When Russia invaded Ukraine, Canada acted with speed and moral clarity: sanctions, diplomatic isolation, asset freezes, ICC support, and a unanimous parliamentary declaration of “genocide.” Yet when Israel began its genocide in Gaza, Canada imposed no sanctions, no arms embargo, no diplomatic isolation, no accountability mechanisms, and refused to acknowledge genocide at all.

The only difference between the two cases is the identity of the victims and the political alignment of the aggressors. Ukrainians are white, European, primarily Christian, and aligned with the West. Palestinians are Indigenous, Arab, Muslim, and colonized by a Western ally.
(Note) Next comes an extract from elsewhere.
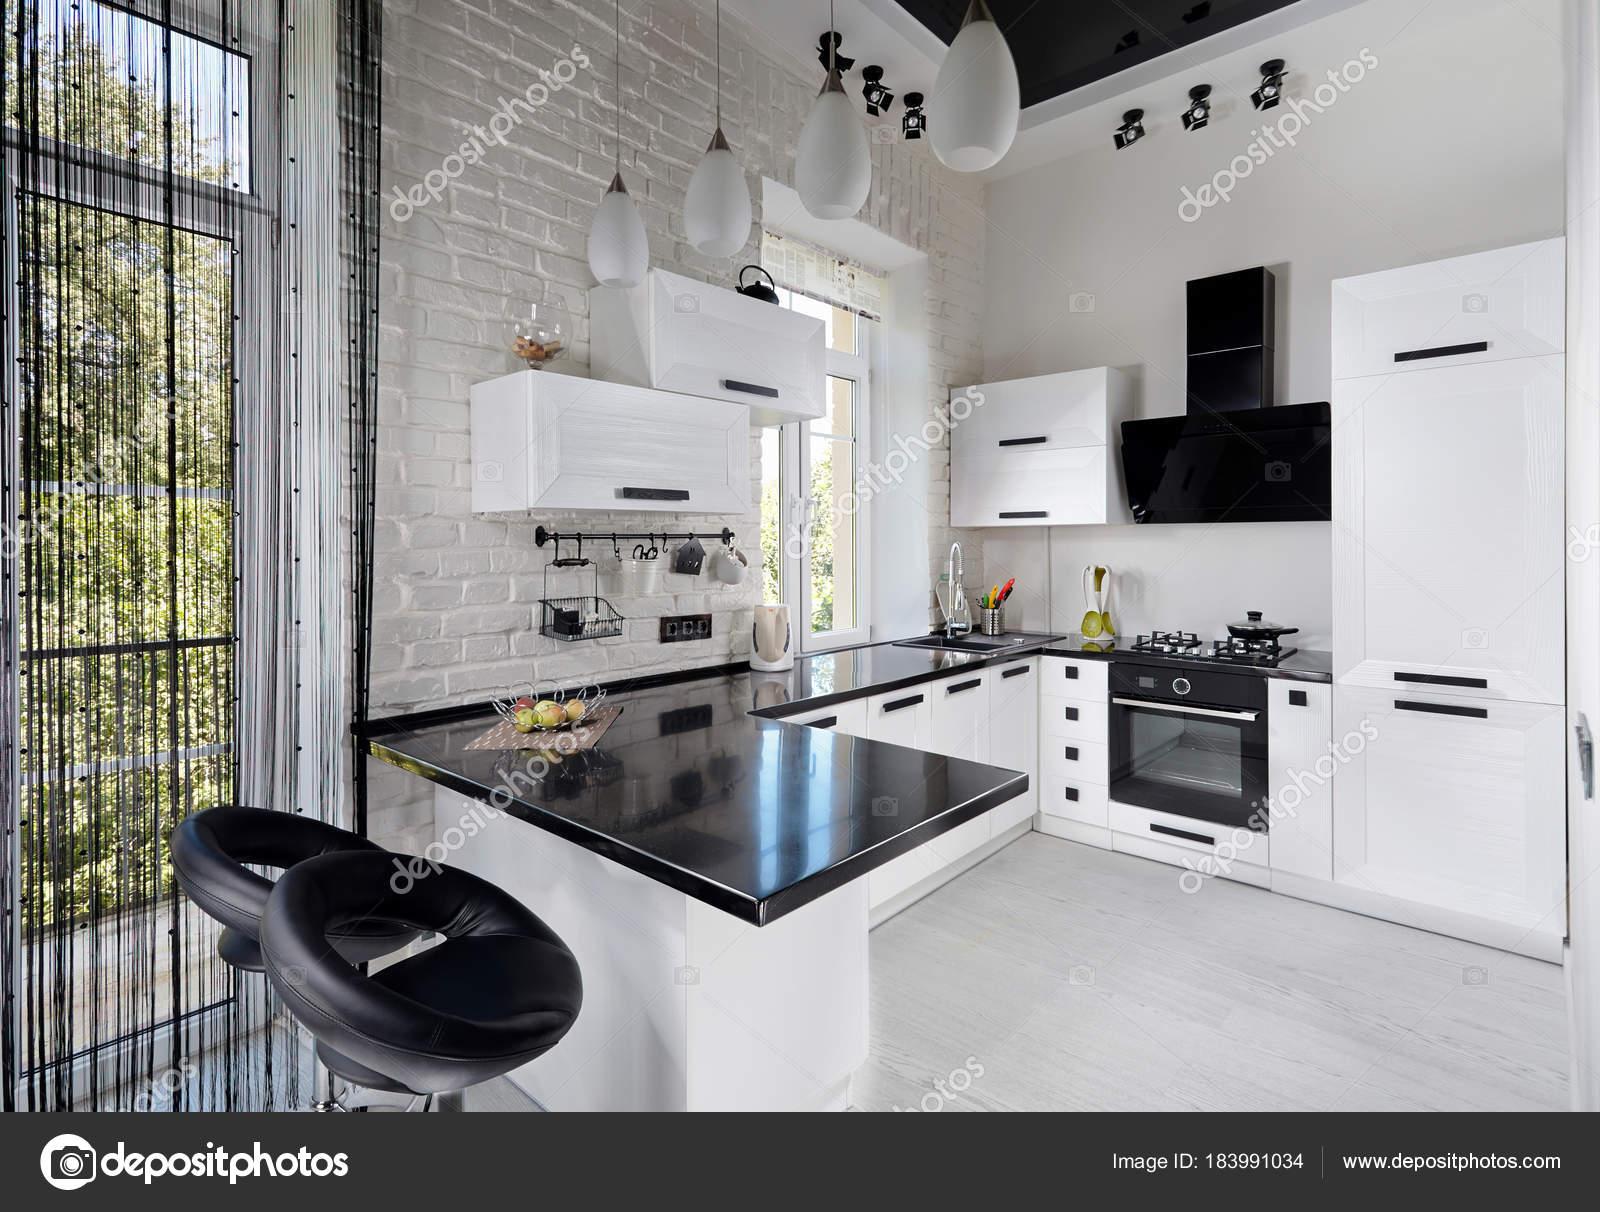 Moderne Keuken Kleuren : Moderne keuken in lichte kleuren u2014 stockfoto © r yosha #183991034

This is not diplomacy. It is the operationalization of a racial hierarchy—a worldview in which the rights, lives, and suffering of some peoples are treated as inherently more valuable than those of others.

A Thousand Days That Changed the World

As the world marks a thousand days of genocide in Gaza, something fundamental has shifted. The world has watched Western inhumanity and Israeli brutality exposed with a clarity that cannot be undone. The illusion of Western moral superiority—already eroding for years—has now collapsed entirely. The global South sees it. Millions across Europe, Asia, Africa, and the Americas see it. Even within Israel, a small but courageous minority sees it.

This moment forces a reckoning. What does it mean for the future of the international system when the world’s most powerful democracies enable genocide? What does it reveal about the structures of law, morality, and global governance that were supposedly built to prevent such crimes? And what does it demand of nations like Canada, which helped make this atrocity possible?

The Gaza genocide has exposed the end of the post‑1945 human‑rights order. It has shown that accountability for powerful states is optional, that international law is applied selectively, and that the principles the West claims to uphold collapse the moment they conflict with geopolitical interests. A thousand days of genocide have laid bare a truth the world can no longer ignore: the system is broken, and those who enabled this crime must one day face a reckoning worthy of its scale.